# Exploratory Data Analysis - Crime Data Los Angeles

This notebook is used to explore the questions for the Data Scientist Exercise in July 2020.

- How many crimes were reported over the past 5 years?
- List the top five reported crimes for each year for the past 5 years.
- What are the most common MO codes? Have these changed over the past 5 years?
- How else has reported crime changed over time in the City?
- Based on your analysis, please share any changes to services, programs, or policies that the City should consider.

##  Load libraries

In [10]:
# Import libraries
import os, sys, subprocess
import json
import pandas as pd
import numpy as np
from langdetect import detect
import pickle

pd.set_option('display.max_colwidth', -1)

pd.set_option('display.max_rows', 1000)
#pd.set_option('display.max_columns', 500)

In [14]:
# load project config
terminal_call = ! git rev-parse --show-toplevel
repo_path=terminal_call[0]
project_config_path = os.path.join(repo_path,'project_config.json')
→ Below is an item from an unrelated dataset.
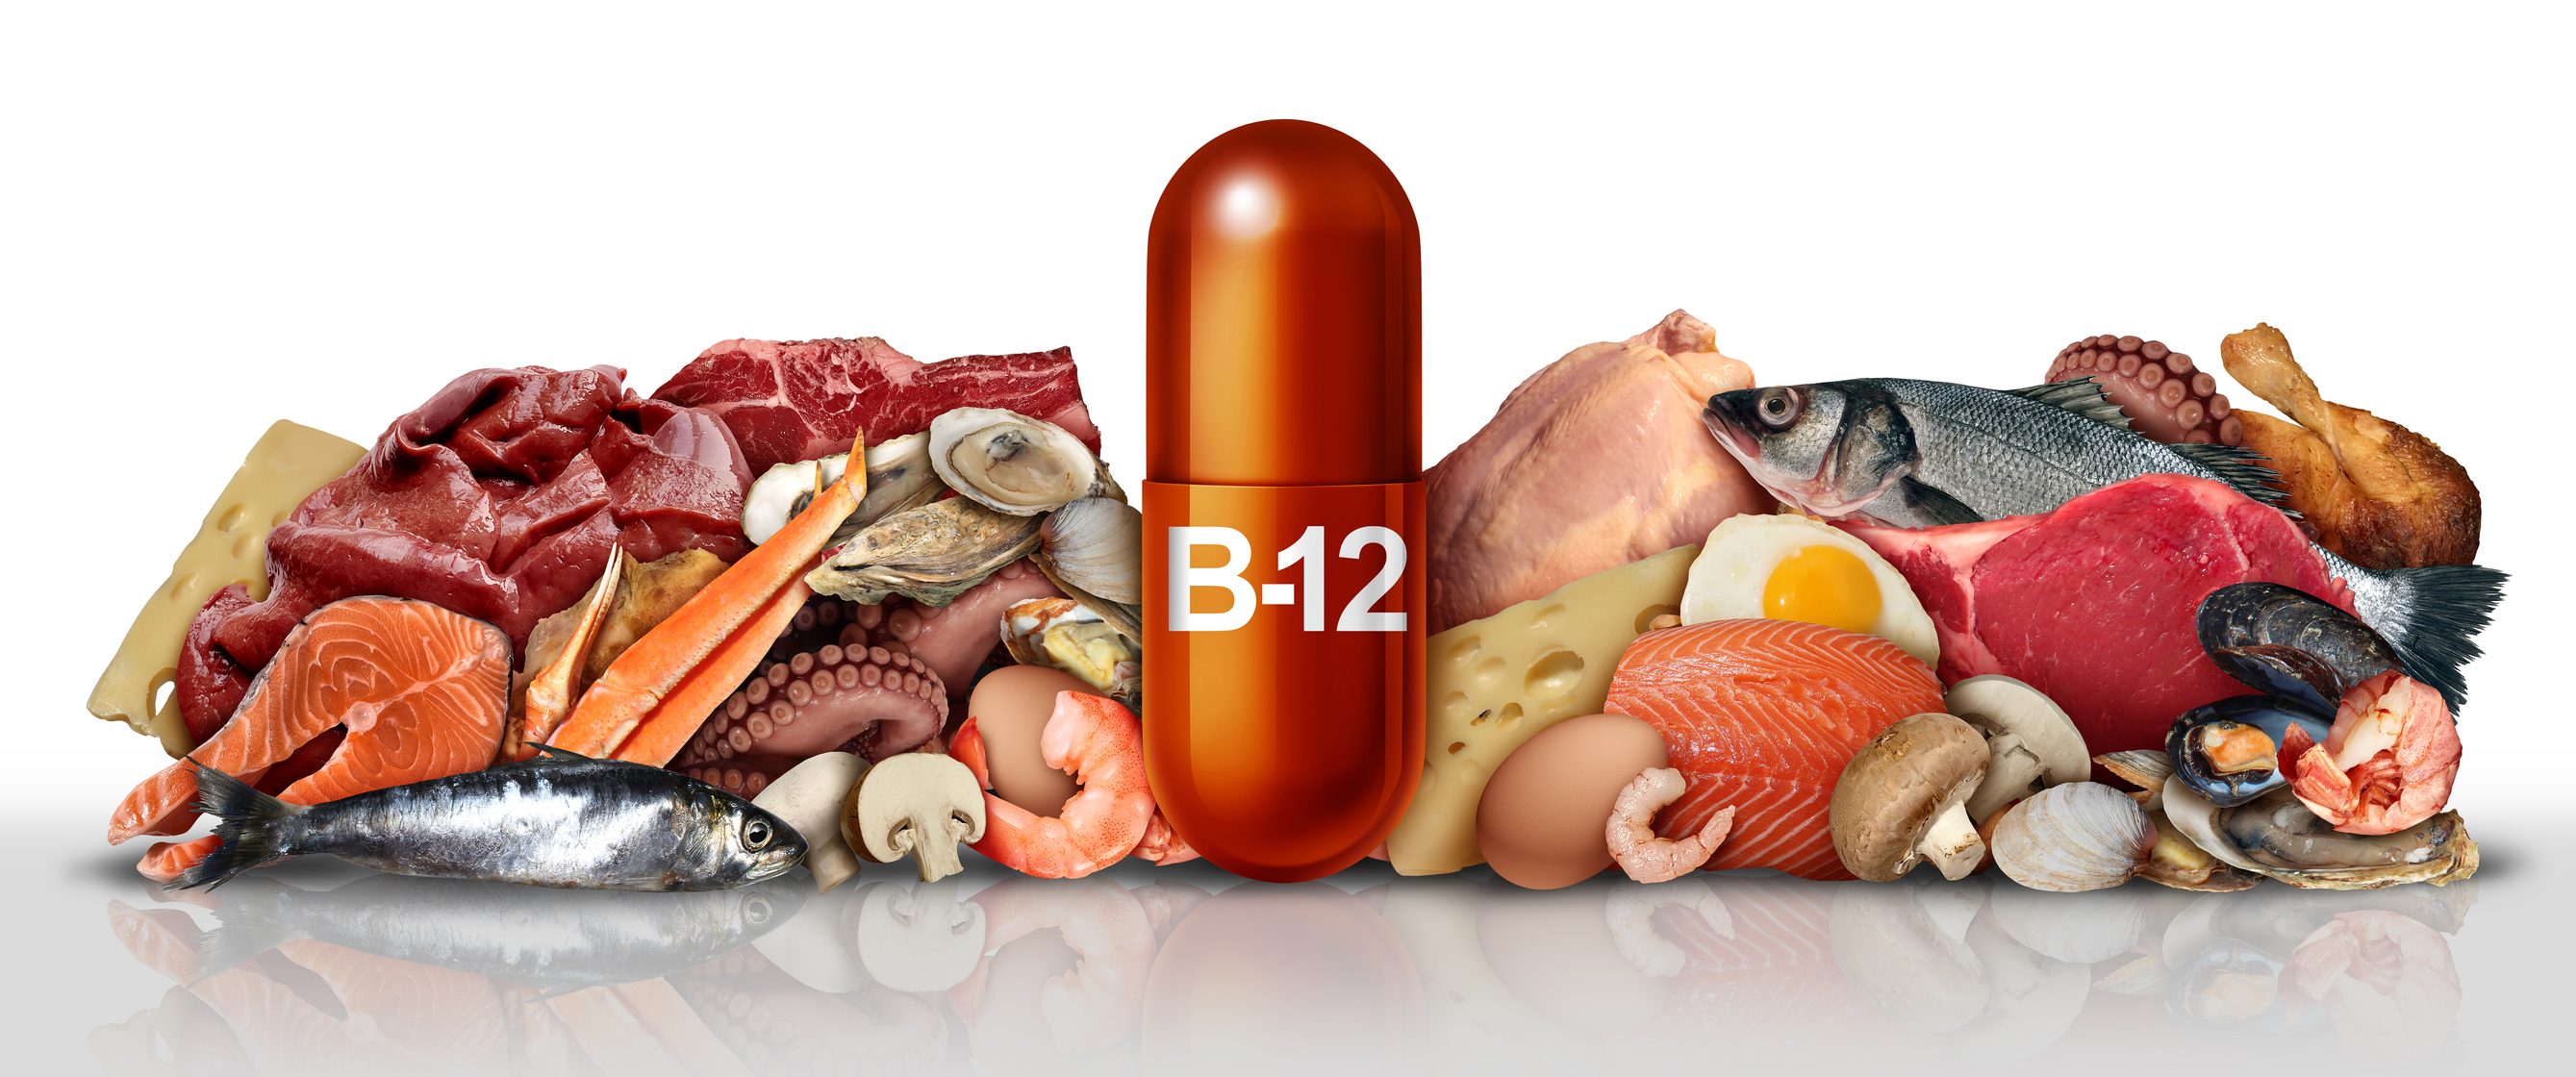 Produkty obsahující vitamin B12

with open(project_config_path,'r') as fp: 
    project_config = json.load(fp)

In [12]:
# import custom module to look at trends
module_path = os.path.join(repo_path,project_config['project_module_relative_path'])
sys.path.append(module_path)

import trends
from trends import get_top_trends

from importlib import reload

# Load in data

In [17]:
# load in data that was collected
df = pickle.load(open("../data/crime_data.pkl", "rb"))

## How many crimes were reported over the past 5 years?

In [15]:
# Check how many crimes were reported over the past 5 years
# Calculate current date and offset by 5 years
(df["date_rptd"] > (pd.datetime.now()- pd.DateOffset(years=5))).sum()

1117864

### A: 1,117,864 crimes were reported in the past 5 years

## List the top five reported crimes for each year for the past 5 years.

In [16]:
# Select the last 5 years as a dataframe
df_5 = df[df["date_rptd"] > (pd.datetime.now()- pd.DateOffset(years=5))]

In [None]:
df_5['year'] = pd.DatetimeIndex(df_5['date_rptd']).year

In [None]:
top_5 = df_5.groupby("year")["crm_cd_1"].value_counts(ascending = False)

In [None]:
top_5.groupby('year').nlargest(5).reset_index(level=1, drop=True)

## What are the most common MO codes? Have these changed over the past 5 years?

In [None]:
df_5["mocodes"].value_counts(ascending = False).head(10)

In [None]:
df_5.dtypes

In [None]:
top_5_mo = df_5.groupby("year")["mocodes"].value_counts(ascending = False)

In [None]:
top_5_mo.groupby('year').nlargest(5).reset_index(level=1, drop=True)

## Pickle for later use

In [None]:
# save data for later use
pickle.dump(df_5, open("./data/crime_data_5.pkl", "wb"))